Science and evidence-based research is, by its very design, difficult. There are hurdles that must be overcome at every step of the way as the researcher actively searches for ways that their study could be invalidated. But, in the end, the goal of every study remains the same: to ask a question and to be able to arrive at a definitive answer; or, at the very least, to take a step toward clarifying an answer.
In the case of a study recently published in the surgical journal of the Journal of the American Medical Association, that question was whether IVC filters affect mortality in trauma patients. Putting it another way – does the use of an IVC filter in a trauma patient play any role in keeping that patient from dying.
And the conclusion of the study was simple: no. There is no significant difference in the survival rates of trauma patients that have been implanted with IVC filters versus those that had not.
This study, combined with the knowledge of how many IVC filters stay implanted in patients’ bodies rather than being removed once the threat of blood clots has passed, amplifies concerns that one of the most widely used surgical implants available could possibly be doing more harm than good.
Data presented in the JAMA Surgery study showed that in the groups monitored by the researchers, ‘just eight percent of the filters were eventually removed over an average follow-up of 3.8 years.” That’s actually better than average. Current statistics indicate that, on average, less than one-third of all IVC filters are ever retrieved after they’ve been implanted.
Yet, leaving the devices in place does contribute to higher risks for a large number of complications, including death. Seemingly, the net effect then, is that a patient has been implanted with a device that, in these circumstances, shows no benefit to that patient. That device must now be retrieved.

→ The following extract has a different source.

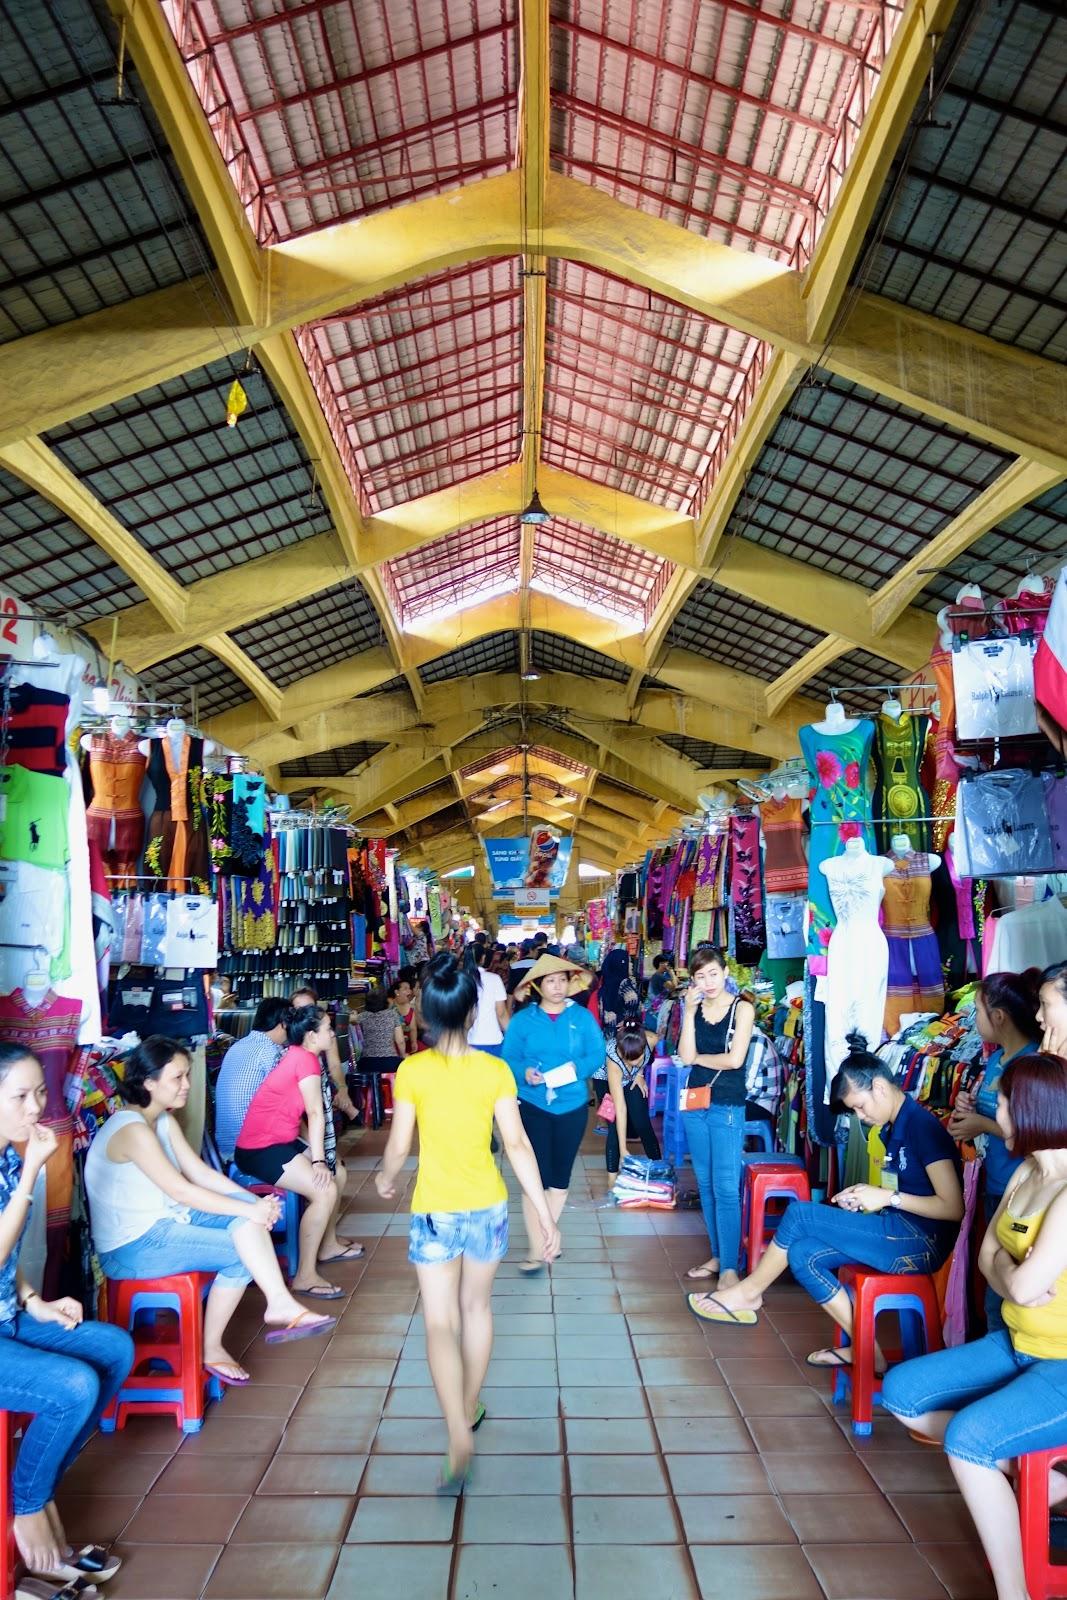 Cho Ben Thanh Market Vietnam 2015

Retrieval surgery carries risks. Leaving the device in place carries risks. And a patient’s life now hangs in the balance.
The study does leave the door open to other possible use cases for IVC filters after a trauma. “What has yet to be determined,” the authors write, “is if there are populations of patients with specific patterns of injury after trauma that may gain benefit from IVC filter insertion, and certainly further prospective investigations would be informative.”
However, under the circumstances presented by this study, one can’t help but wonder if the best treatment might be to leave the IVC filter out entirely.